## Prompt
Repeat the data that follows verbatim. Images are not part of the copy.

[Data extracted from a collection]
--------------------

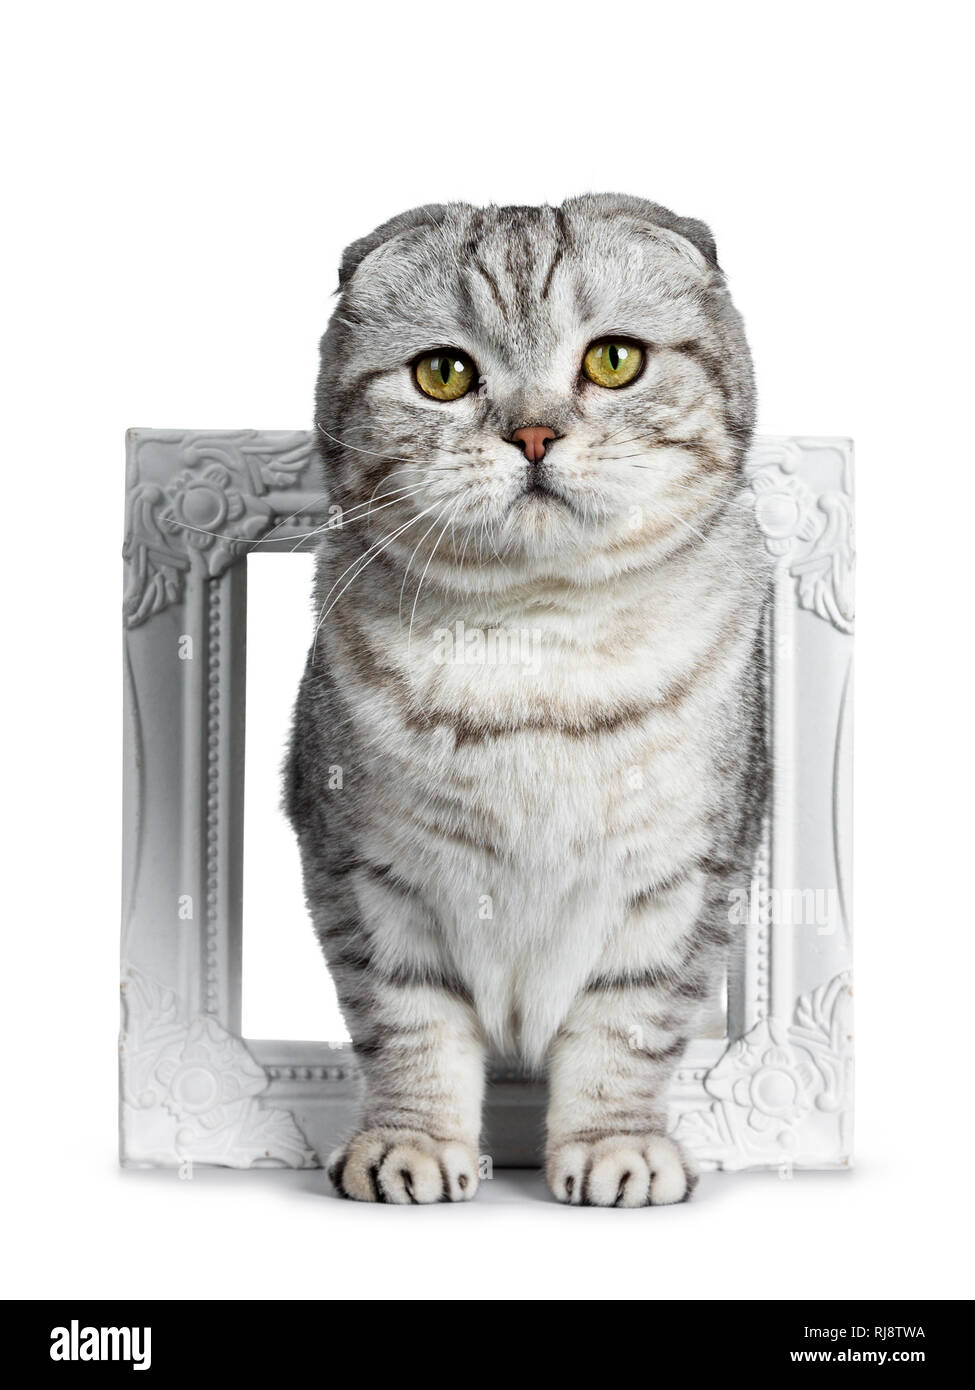 Cute Young Silver Tabby Scottish Fold Cat Kitten Standing Facing Front Through White Photo Frame Looking At Camera With Yellow Eyes Isolated On A Whi Stock Photo Alamy
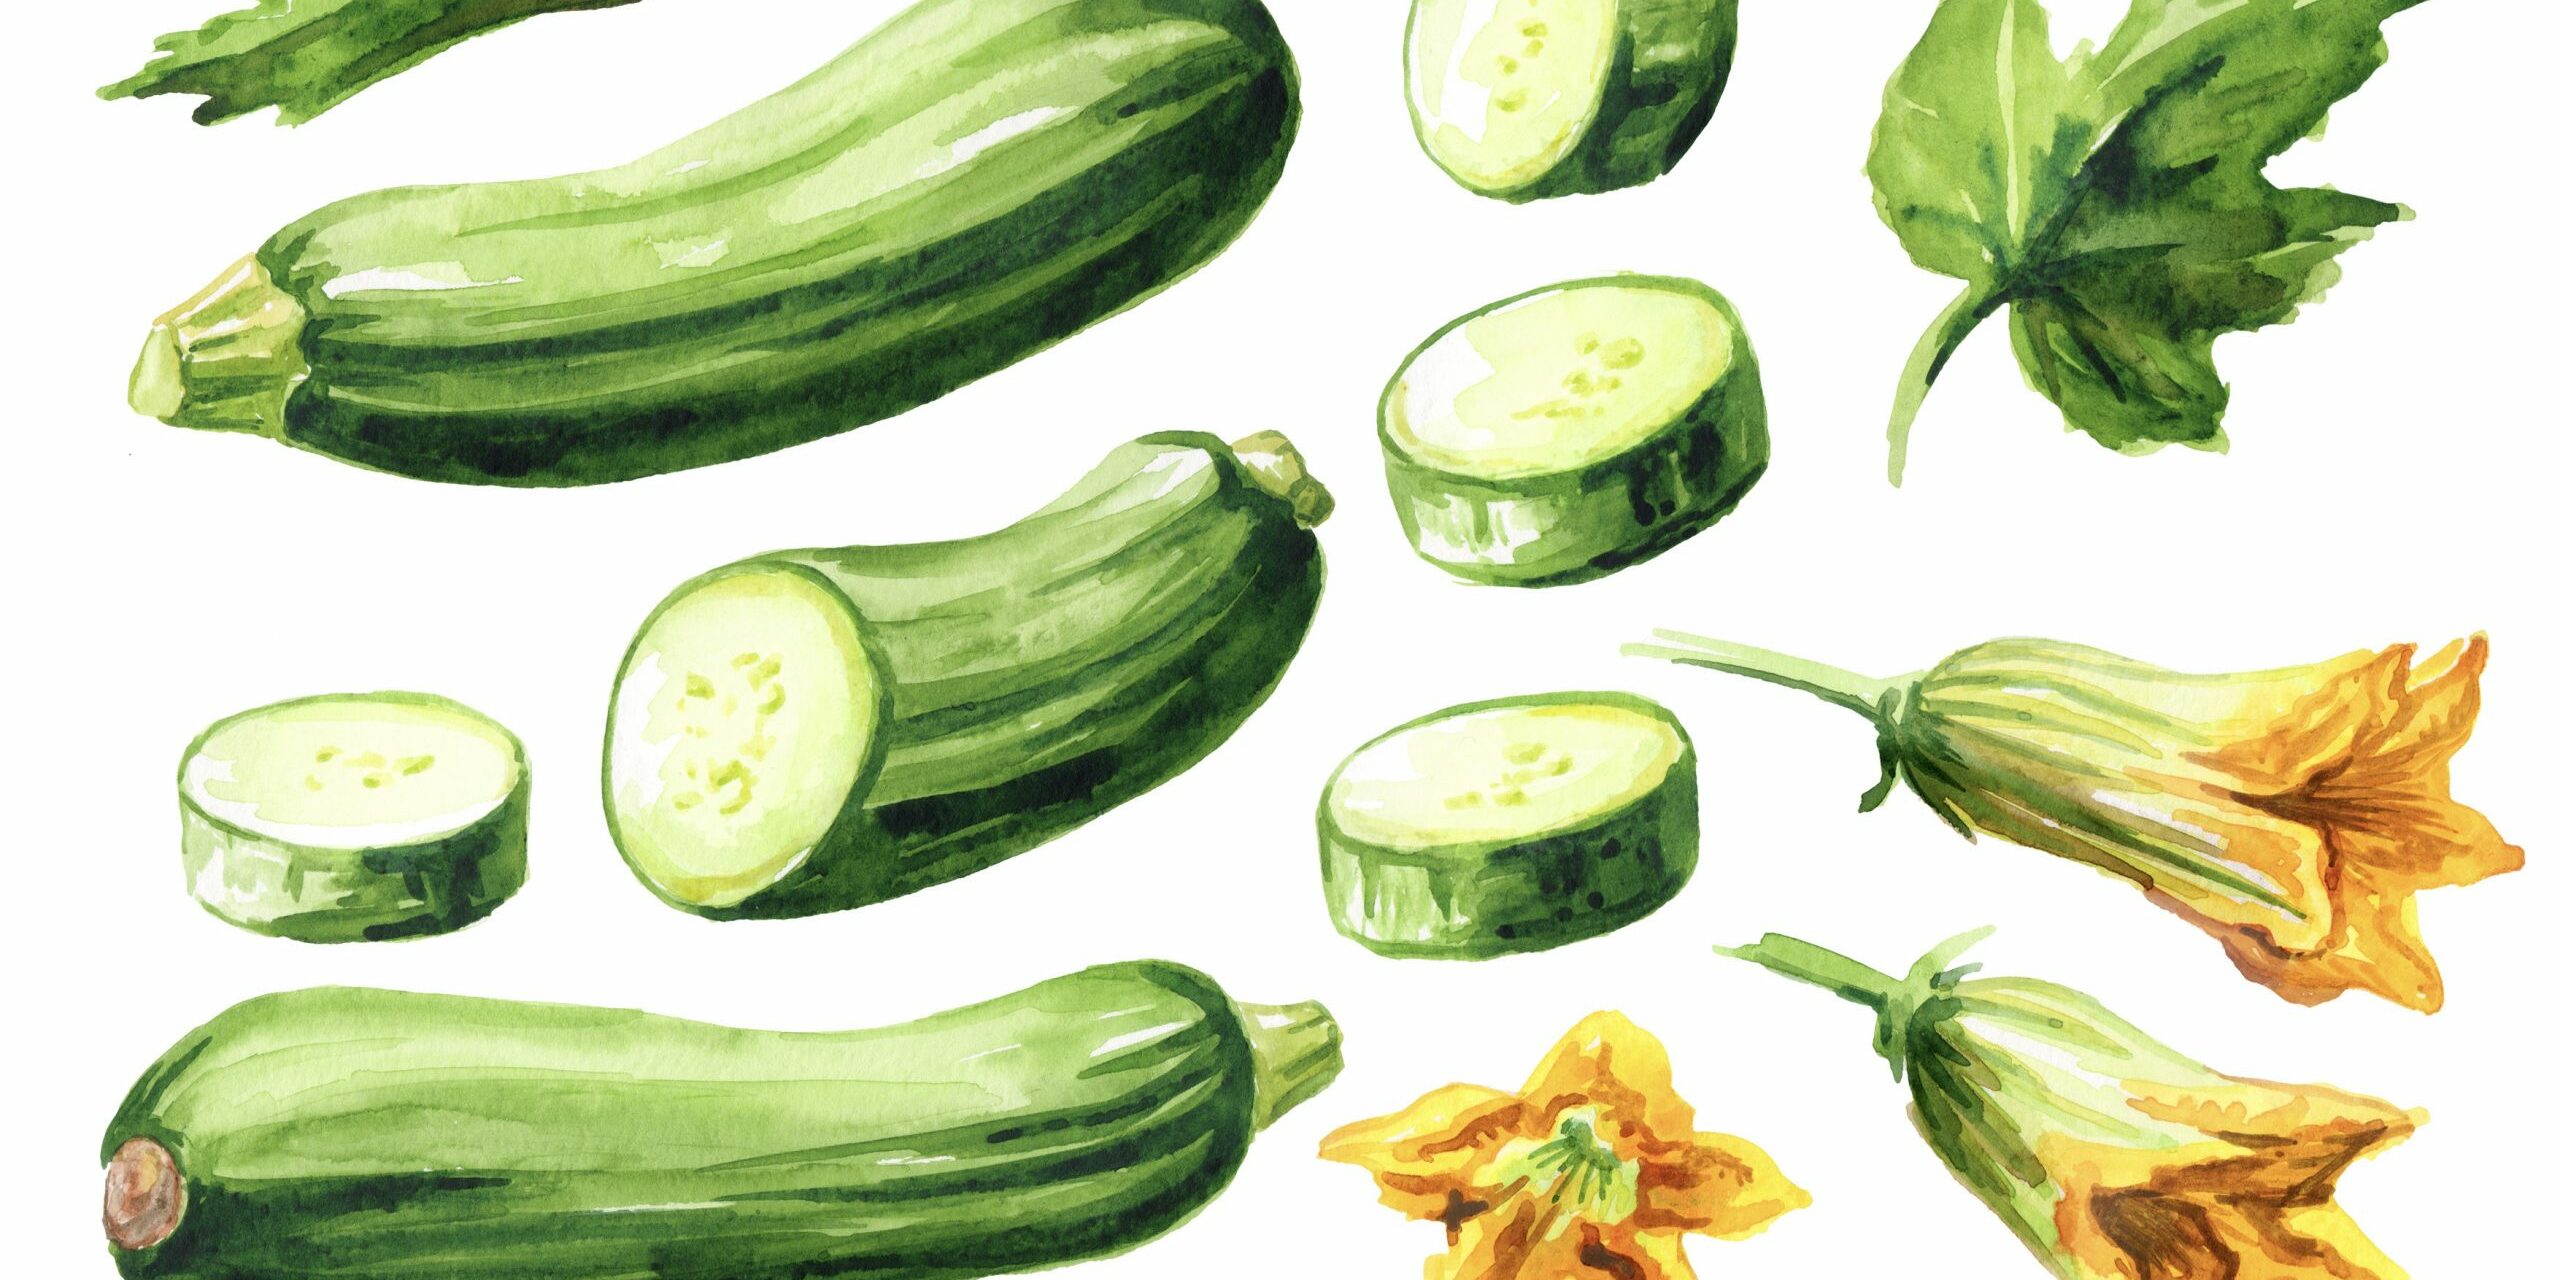 Green whole and cut zucchini vegetables with leaf and flower set. Hand drawn watercolor illustration, isolated on white background
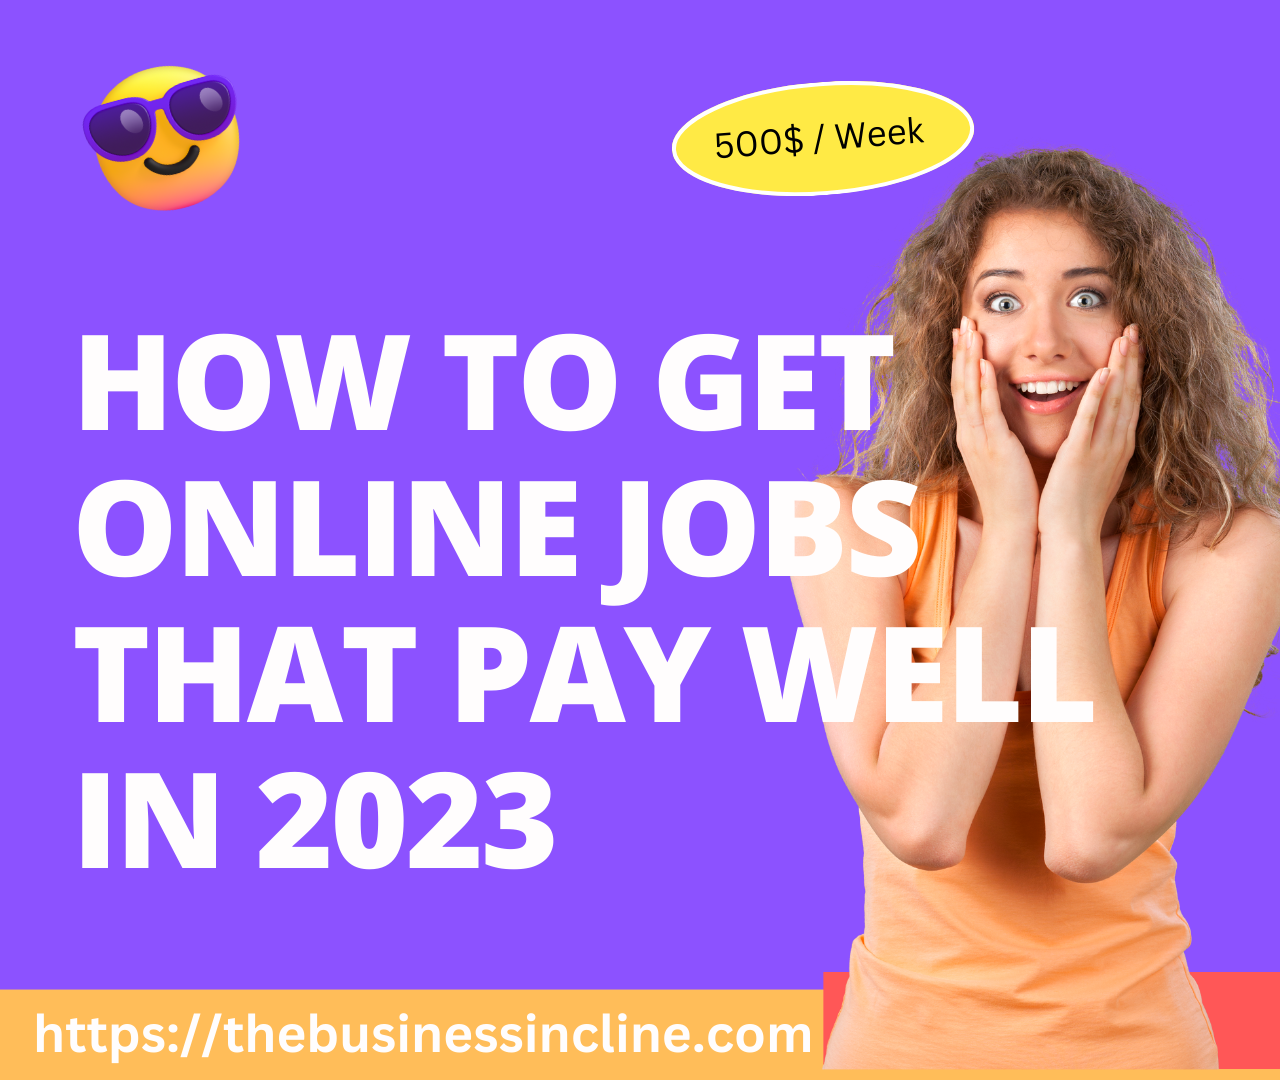 How To Get Online Jobs That Pay well In 2023
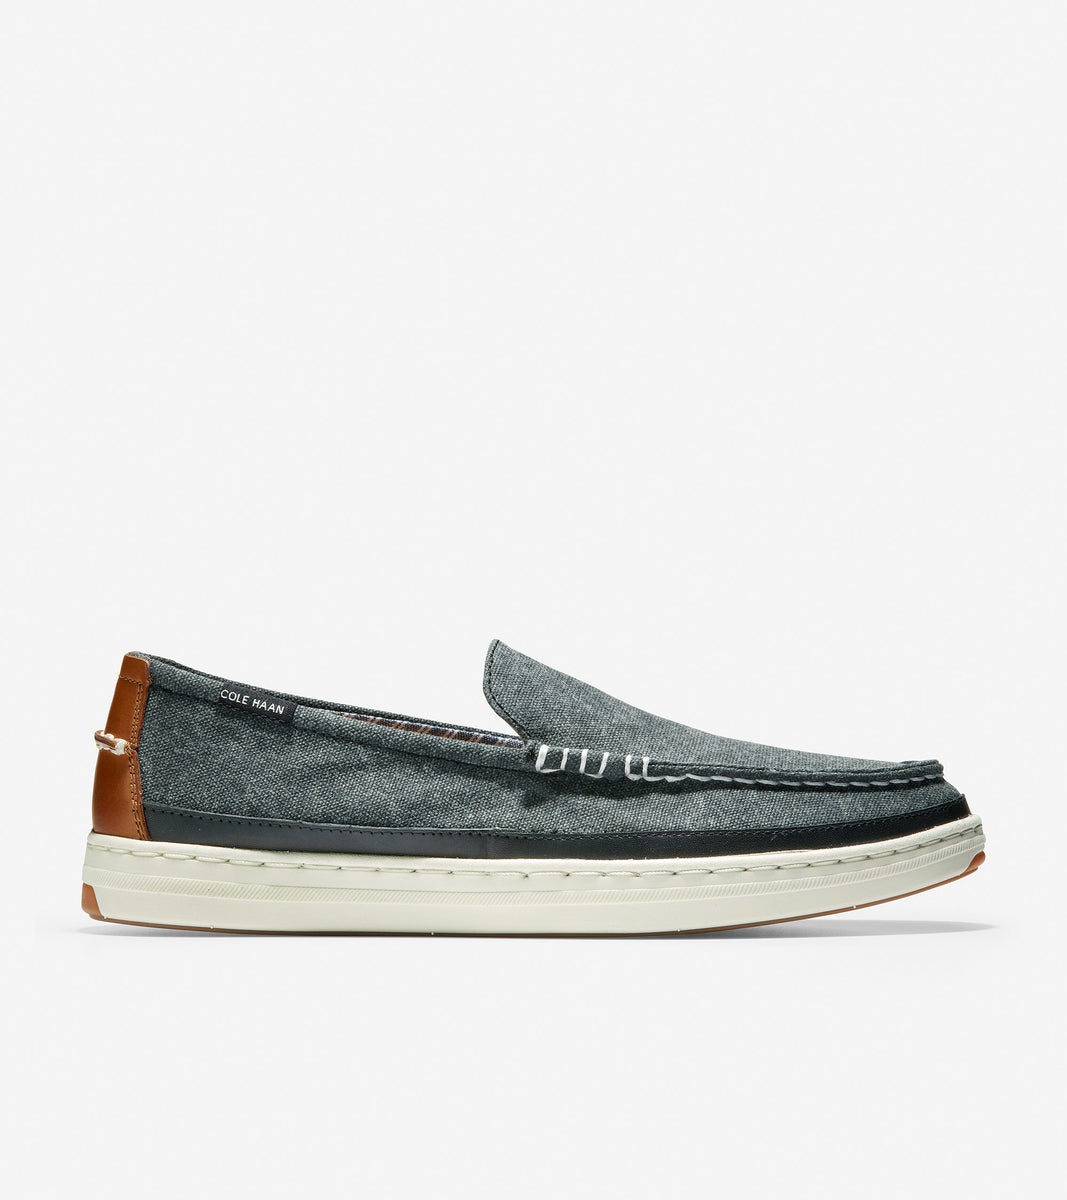 ColeHaan-Cloudfeel Weekender Loafer-c32223-Black Washed Canvas
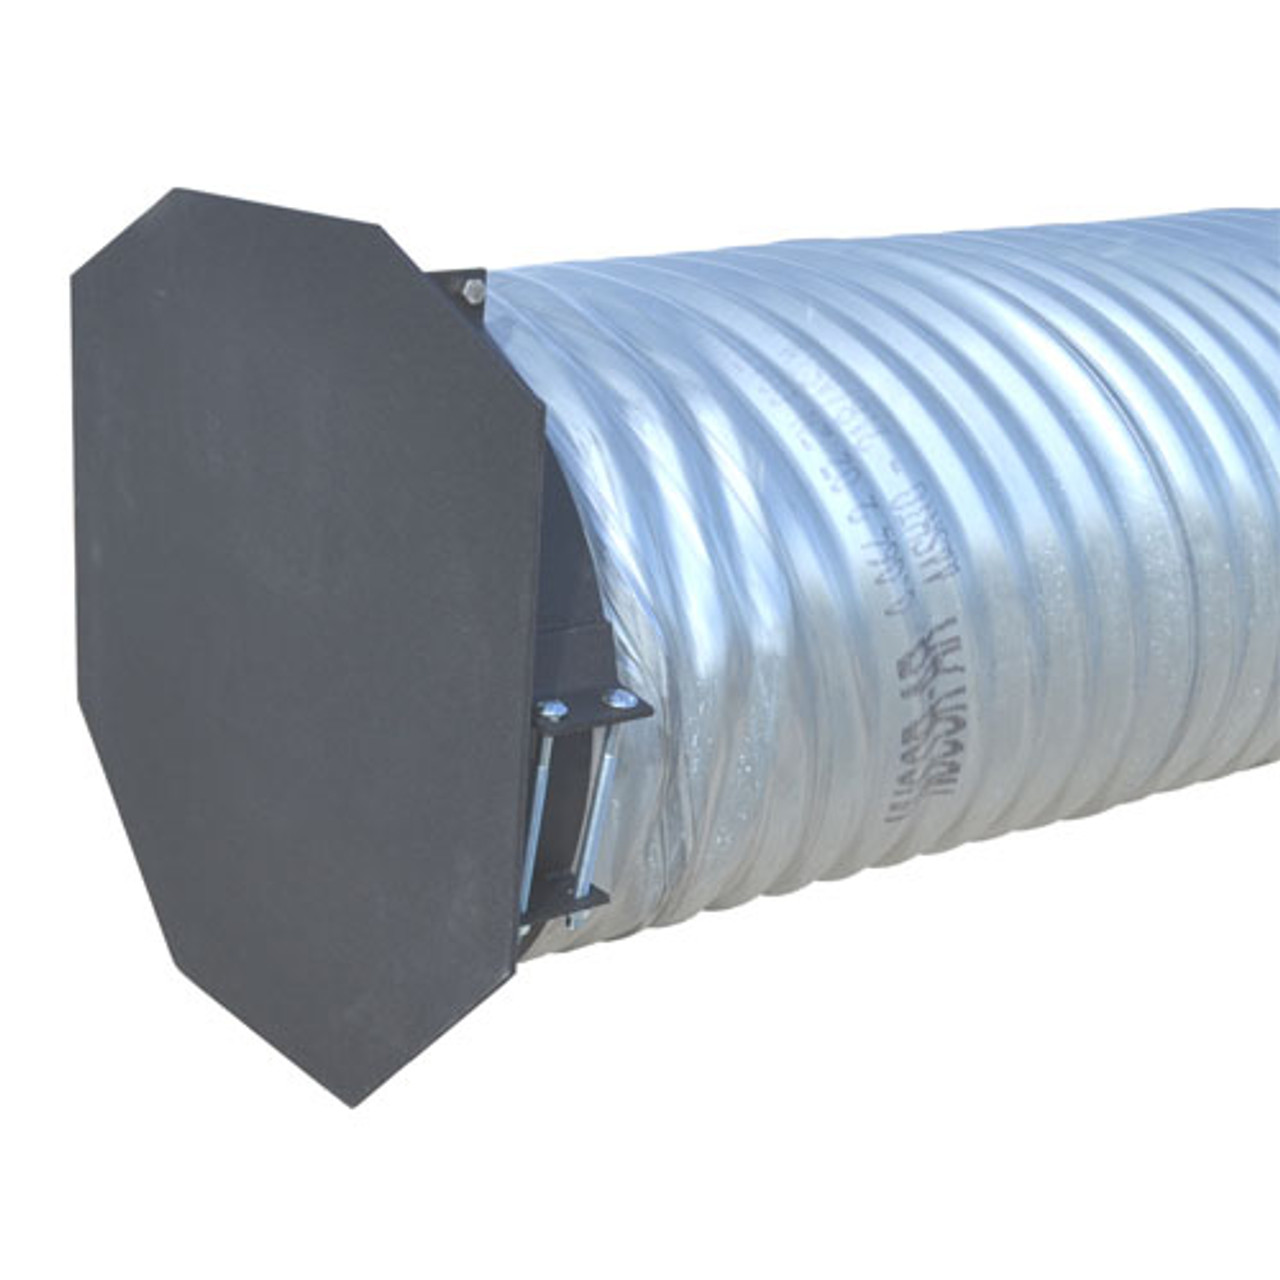 Flap Gate 24" Heavy Duty The Drainage Products Store

--------------------

## Your response
 Cute Young Silver Tabby Scottish Fold Cat Kitten Standing Facing Front Through White Photo Frame Looking At Camera With Yellow Eyes Isolated On A Whi Stock Photo Alamy
 Green whole and cut zucchini vegetables with leaf and flower set. Hand drawn watercolor illustration, isolated on white background
 How To Get Online Jobs That Pay well In 2023
 ColeHaan-Cloudfeel Weekender Loafer-c32223-Black Washed Canvas
 Flap Gate 24" Heavy Duty The Drainage Products Store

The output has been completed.